REQUIRED ACTION:
Set down the data again exactly. Pictures are not part of the copy.

RECORDED DATA:
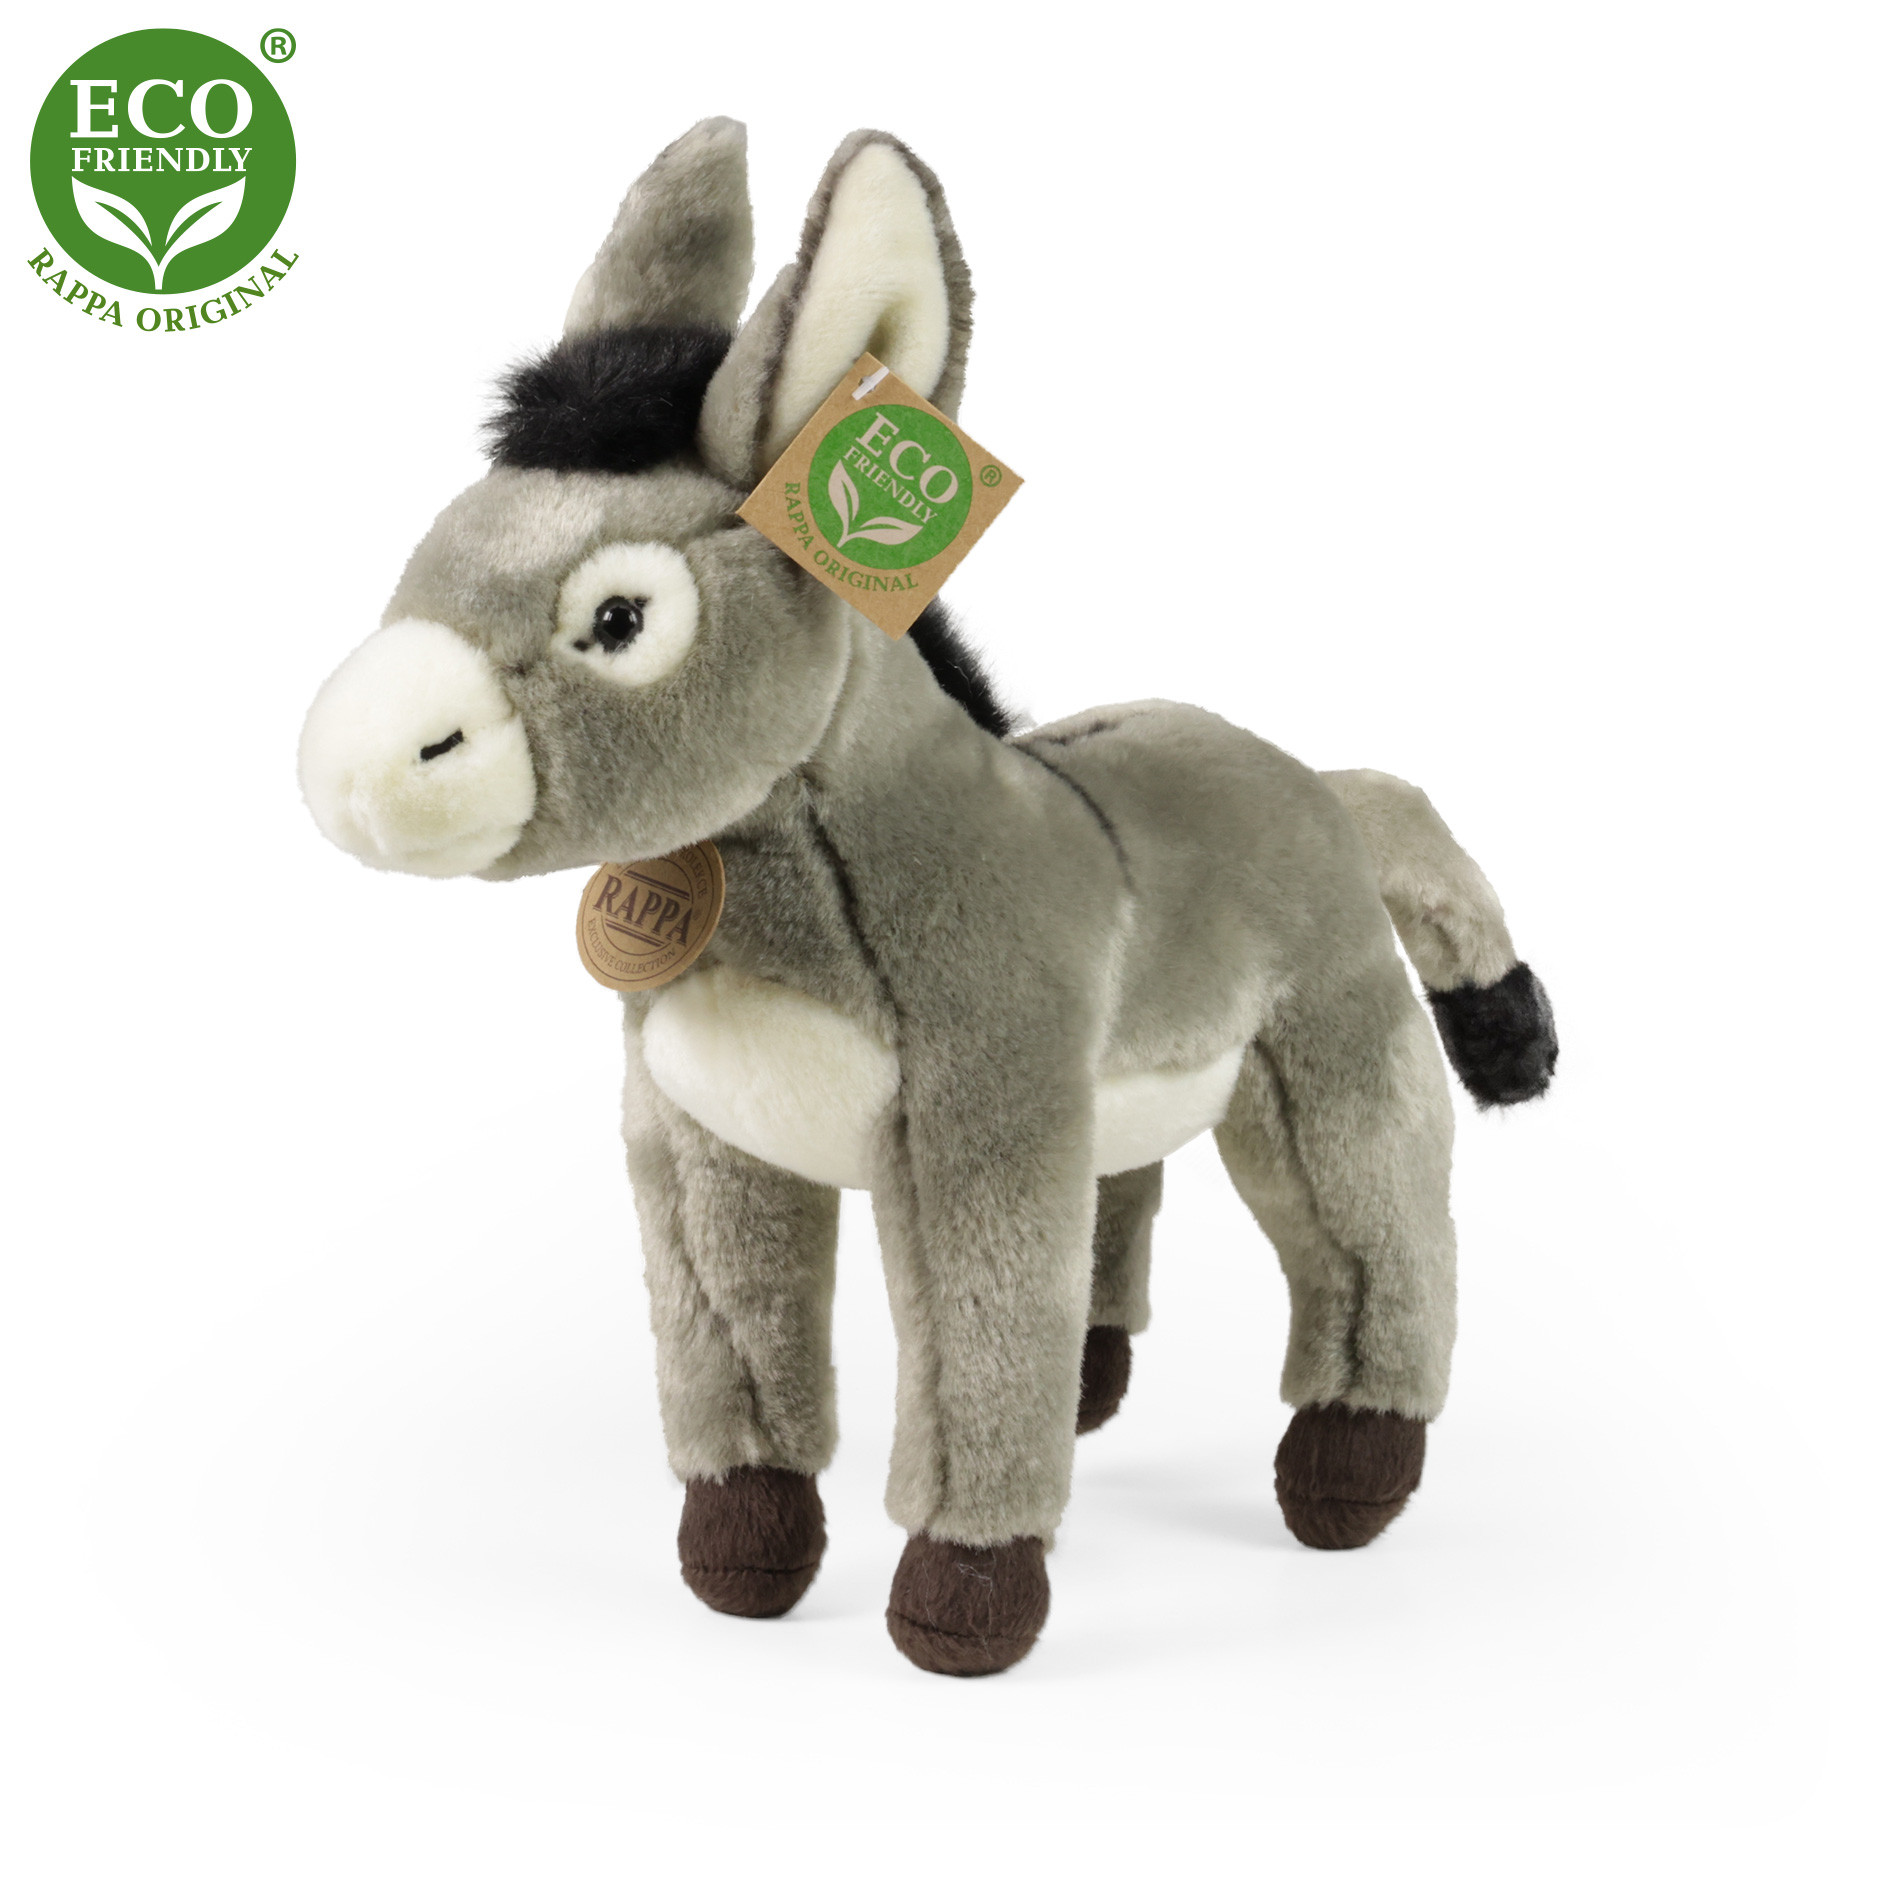 Plush donkey 24 cm ECO-FRIENDLY
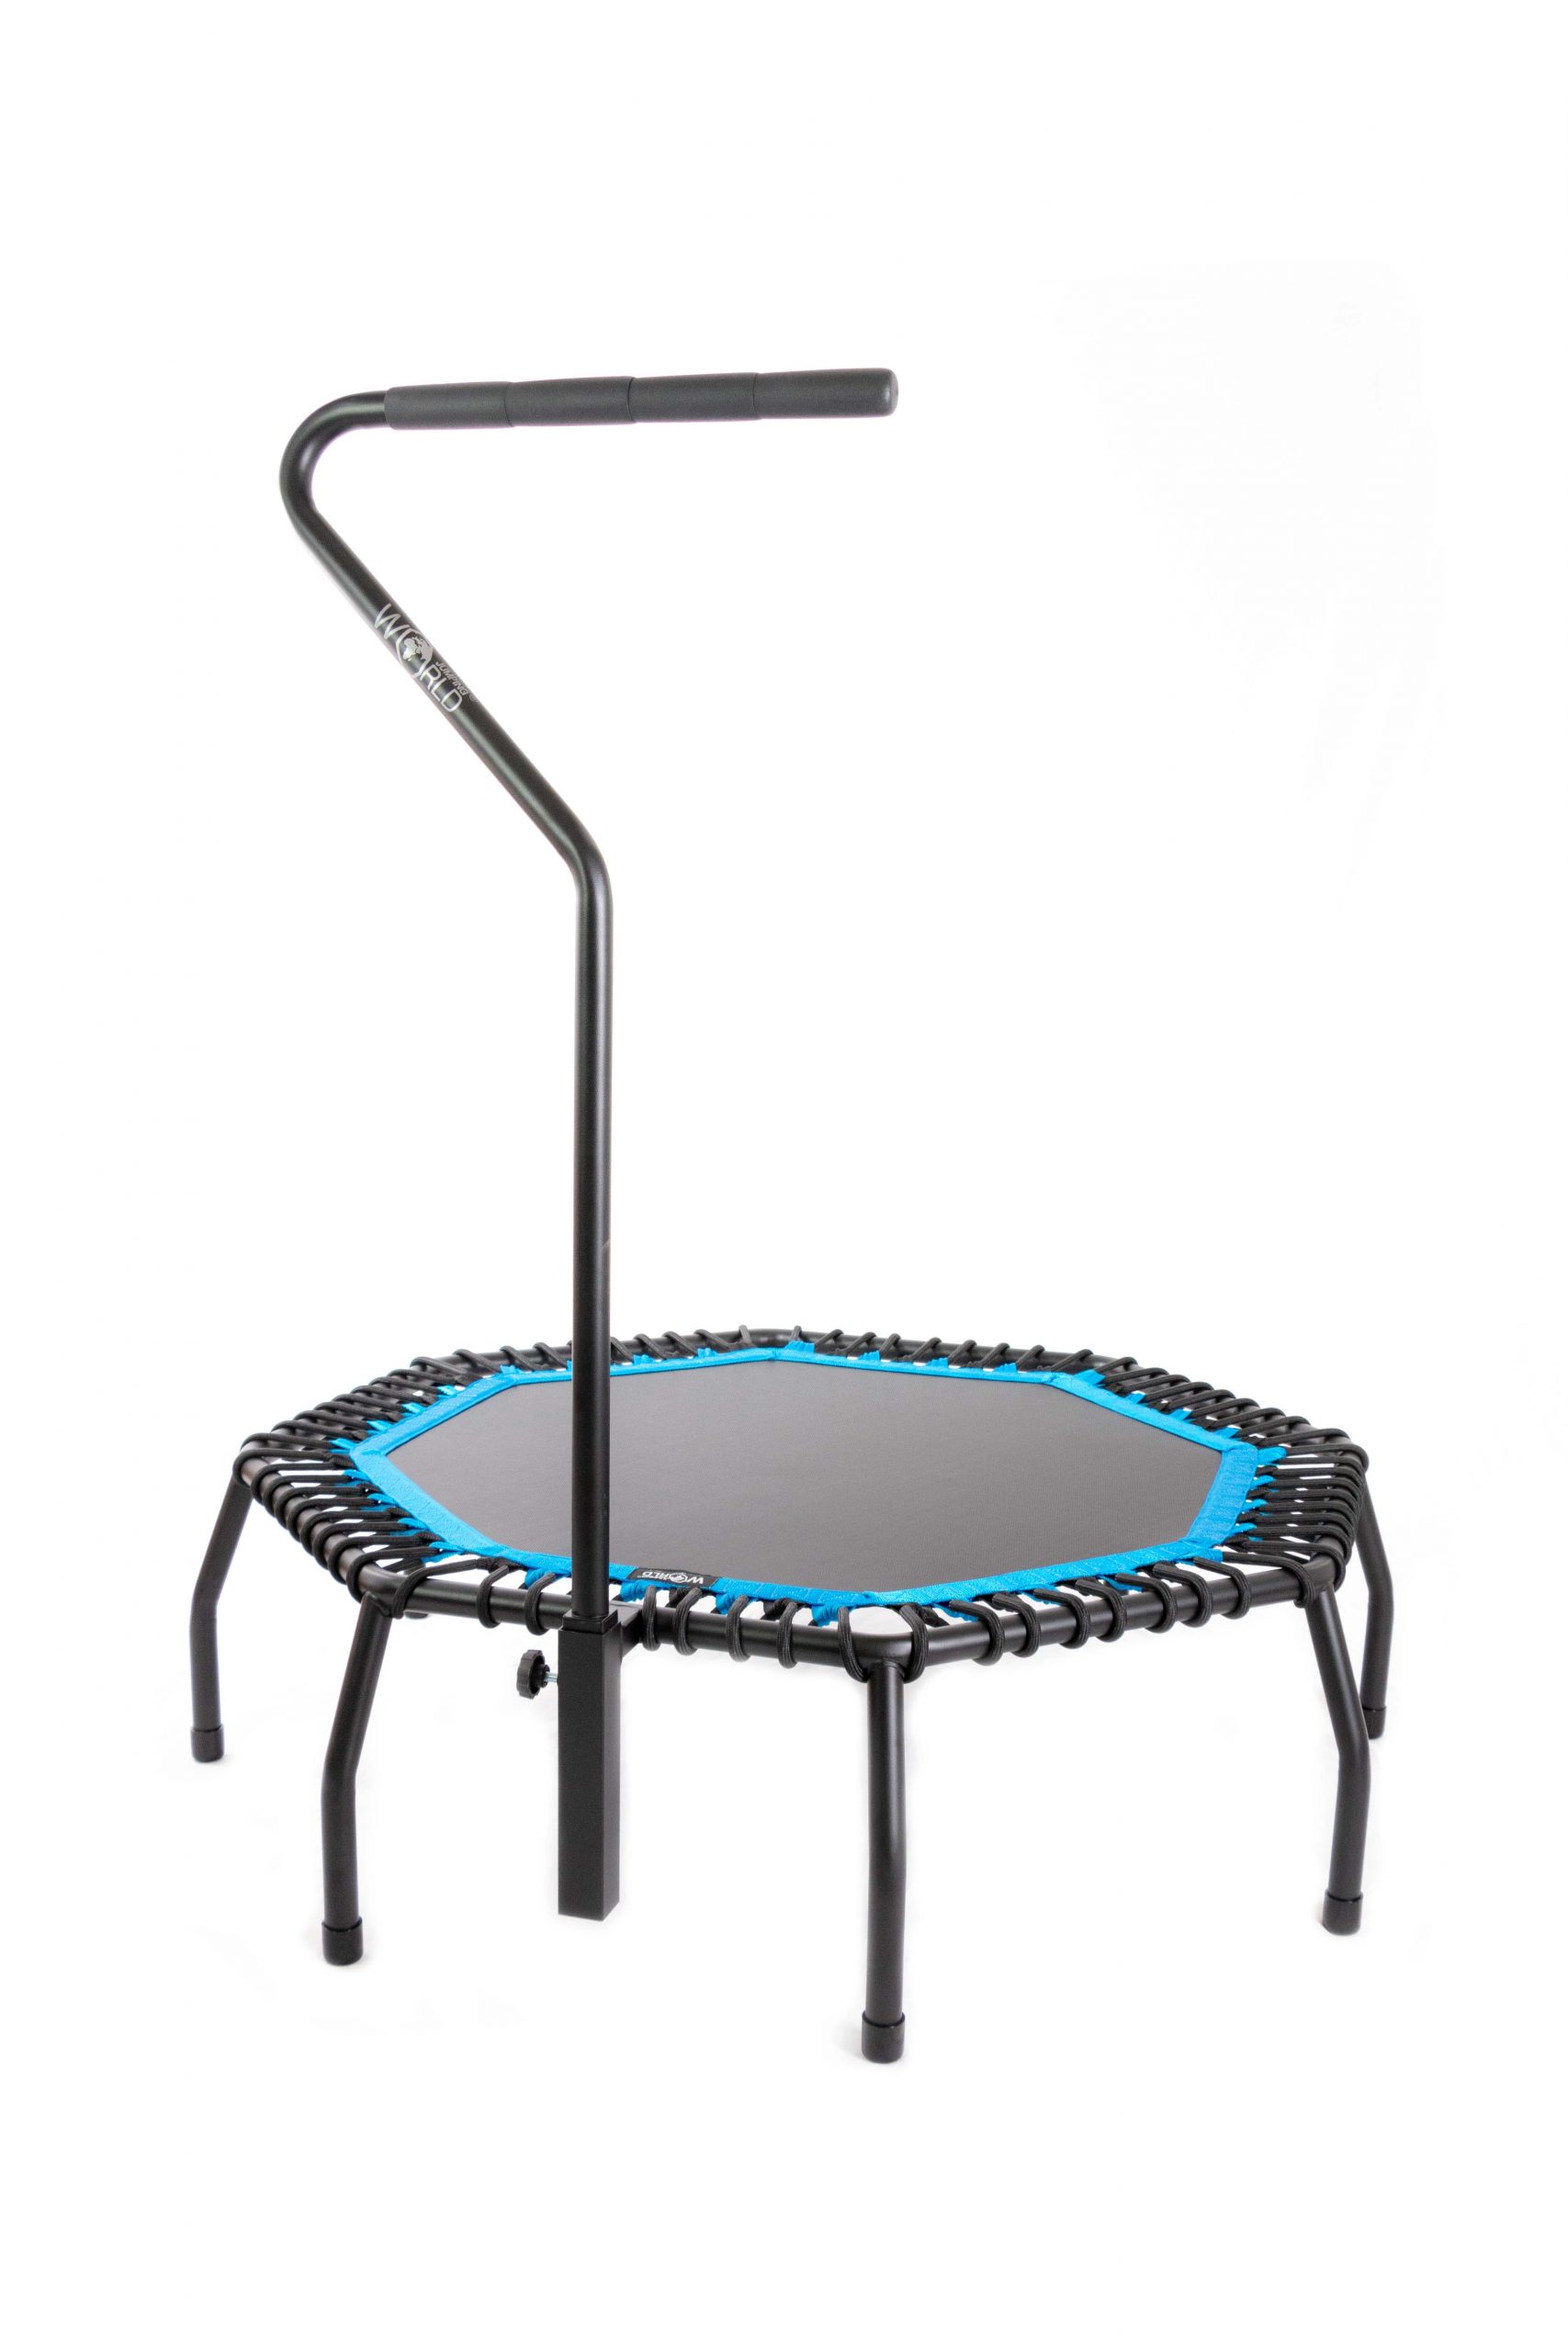 dienblad Instrument band SPIDER Studio Standard trampoline - Blue - World Jumping
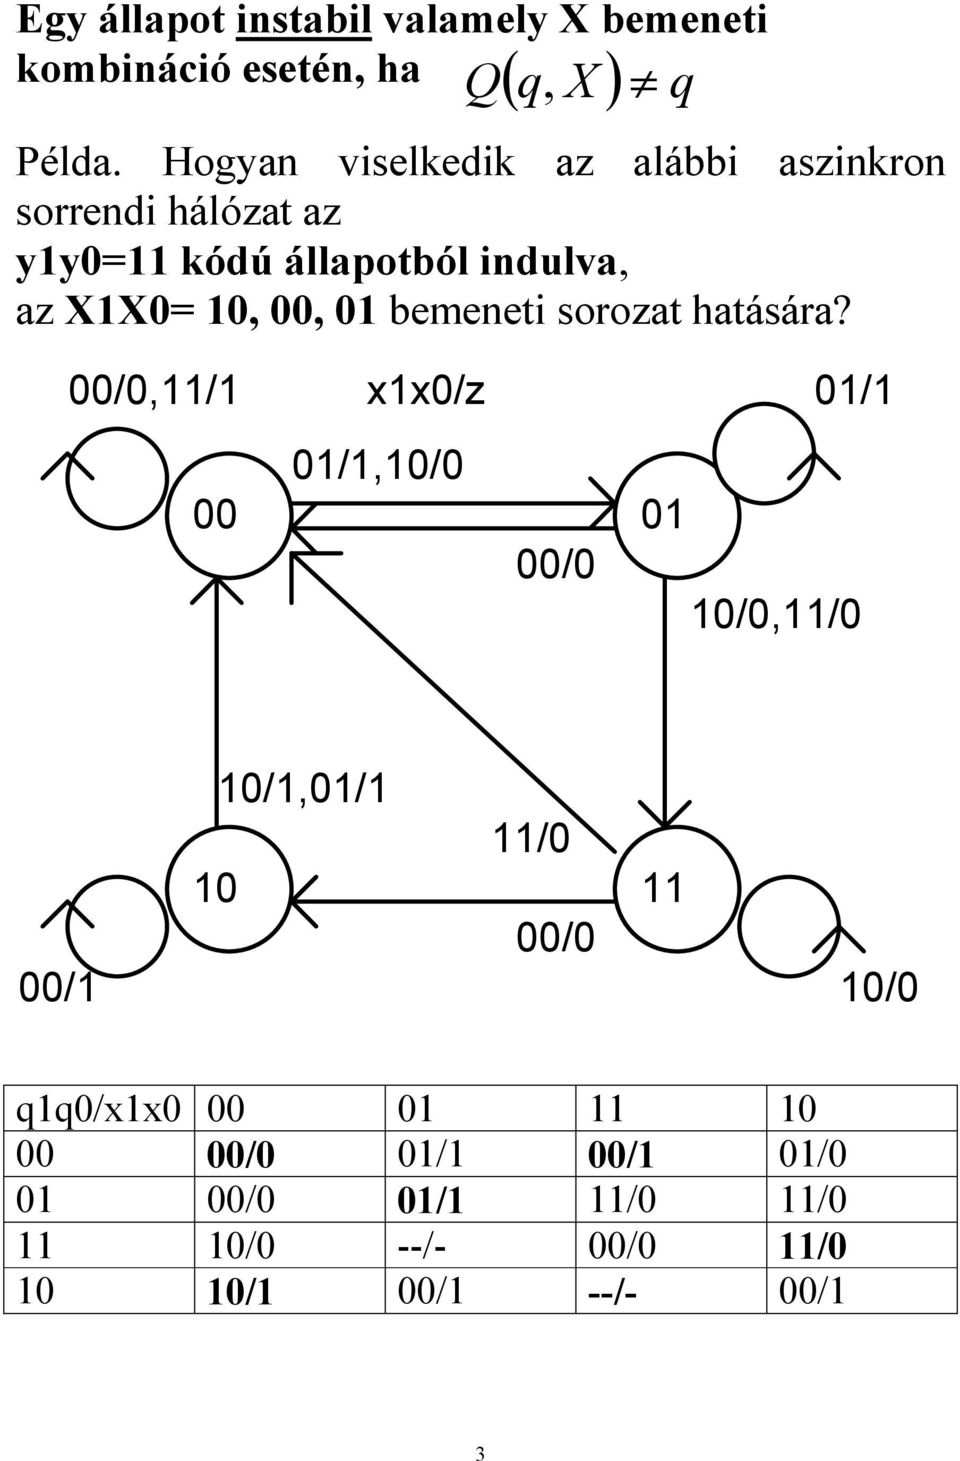 Hogyan viselkedik az alábbi aszinkron sorrendi hálózat az yy= kódú

ANSWER TO THIS PROBLEM:
 Plush donkey 24 cm ECO-FRIENDLY
 dienblad Instrument band SPIDER Studio Standard trampoline - Blue - World Jumping
 Hogyan viselkedik az alábbi aszinkron sorrendi hálózat az yy= kódú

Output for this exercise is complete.